On this page, I’ll be describing (following our recent paper; experts, see also our technical website) what can happen if the newly discovered Standard Model-like Higgs particle can decay to a pair of particles which have spin one (the same spin as for a Z particle), and which then in turn each decay to two known particles, typically quarks or leptons. I’ll point out the searches that we think are very promising even now, using existing Large Hadron Collider [LHC] data, and in the near future, when the LHC starts running again in 2015. In fact, we’ll see that even theorists with access to only a few published plots of the data can put very strong limits on this scenario, though only for a part of the range for the mass of the spin-one particles. A discovery in this channel using existing data remains possible!
A few notes for non-experts:
Symbols: “b” = bottom quark, “τ” = tau lepton, script “l” = electron or muon, “μ” = muon, “e” = electron, “γ” = photon, “g” = gluon.
The new spin-one particle ZD to which the Higgs is assumed to decay is a “singlet”: a field and/or particle that is not affected by the known non-gravitational forces: the electromagnetic, strong nuclear, and weak nuclear forces.
Branching fraction: If you make a Higgs particle, the probability that it decays to two photons is called “the branching fraction for h → γγ”, or “Br(h→ γγ)”.
The decay of the 125 GeV Higgs particle to two spin-one particles (vectors or pseudo-vectors, generically called “ZD” below) is predicted to occur in a wide variety of speculative theories with new forces. These theories include those with
- an extra “U(1)” force [i.e., an additional electromagnetism-like force], made short-range [similar to the weak nuclear force] by a Higgs-like field;
- a new non-abelian force [i.e., a force like the nuclear forces] that is made-short range [similar to the weak nuclear force] by a Higgs-like field. In this case there may be multiple spin-one particles with different masses.
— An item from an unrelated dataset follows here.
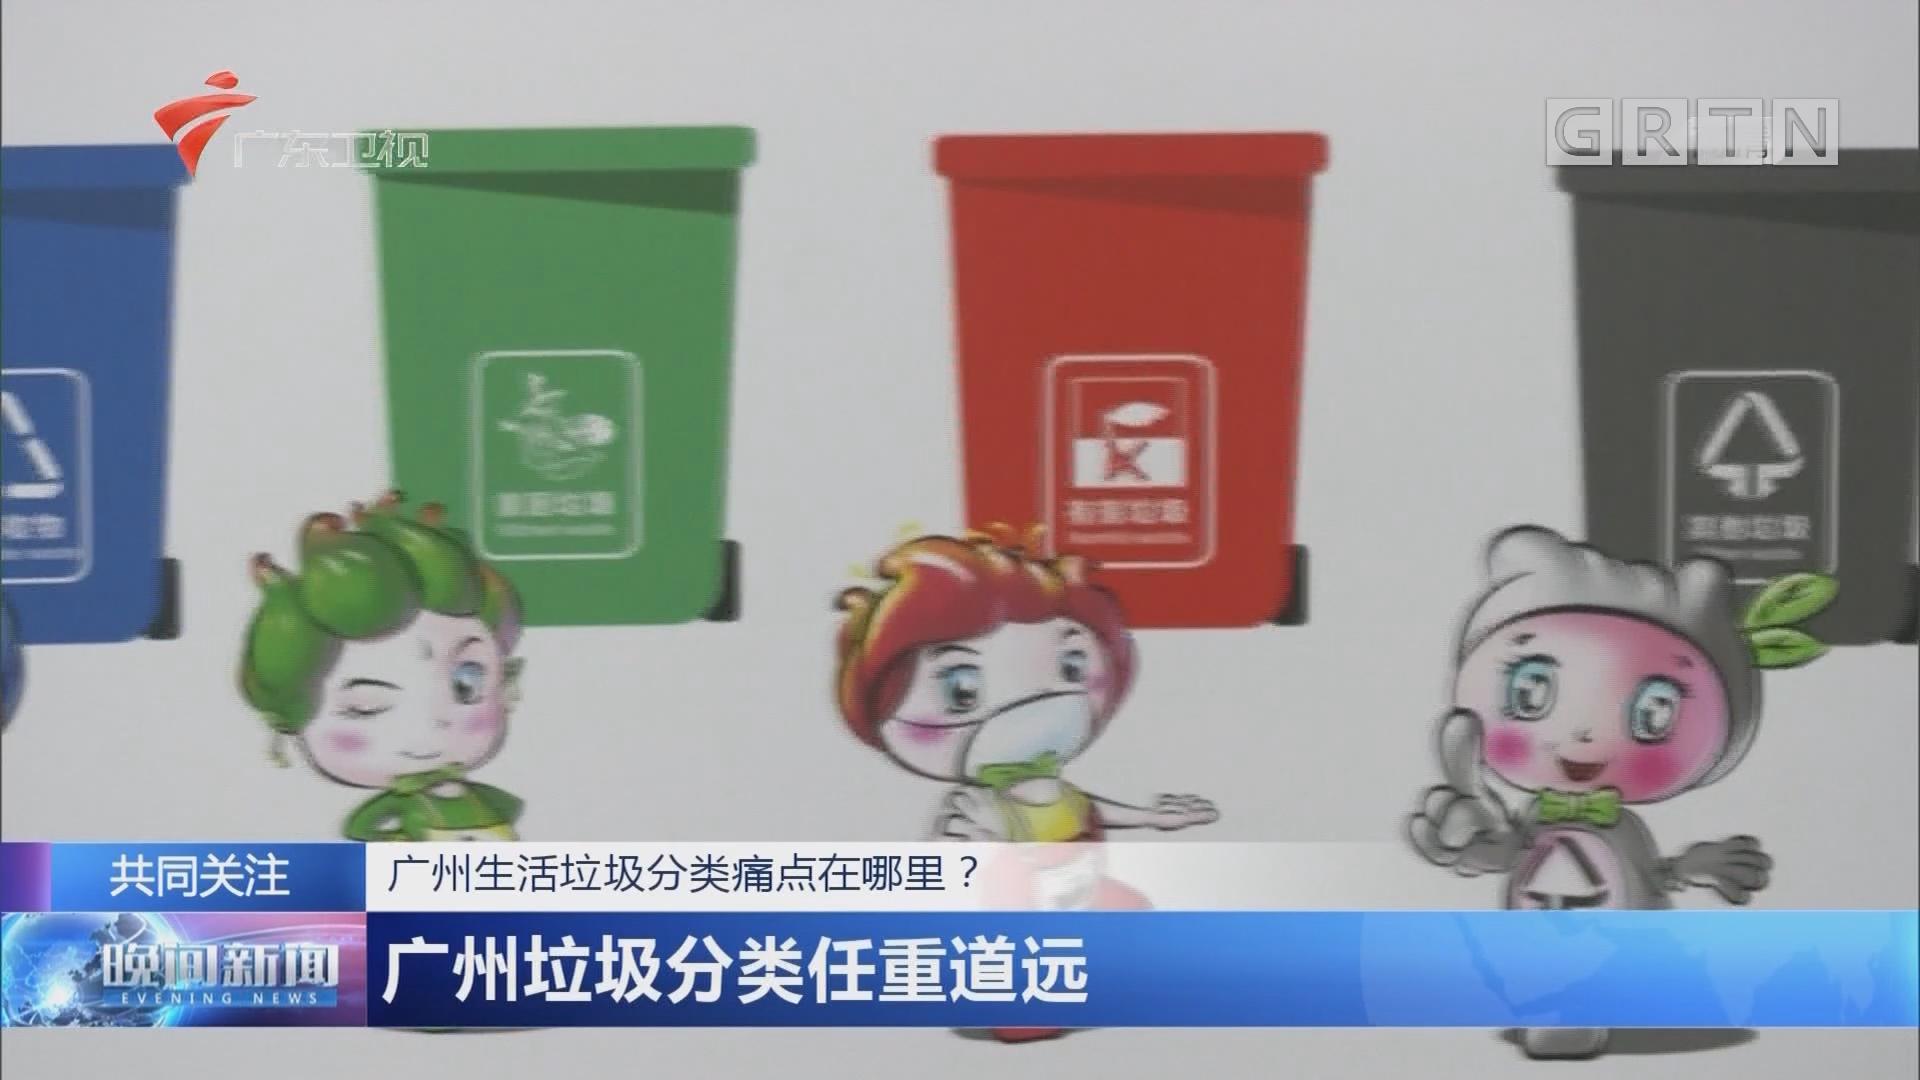 广州生活垃圾分类痛点在哪里?广州垃圾分类任重道远

- a new non-abelian force that is made short-range by effects of its own large strength [i.e., roughly like the strong nuclear force, but with some differences.] In this case the new spin-one particles are composite [similar to the hadrons, in particular the rho meson, but much longer-lived]; there may be more than one type.
New forces of these types commonly arise in models that were invented to elucidate, indirectly or directly, the nature of dark matter; this includes hidden valleys of various types, and specific models aimed at explaining data from PAMELA, ATIC, AMS, and other experiments that indicate an excess of high-energy positrons [i.e. anti-electrons] raining down from space.
In general the ZD can “mix” with the photon and Z particle. This allows the ZD to decay to quarks and leptons, with branching fractions (as a function of the ZD mass) typically weighted roughly by the square of the electric charge of the decay products, as shown in Figure 1. (This makes leptons, with charge -1, very common.)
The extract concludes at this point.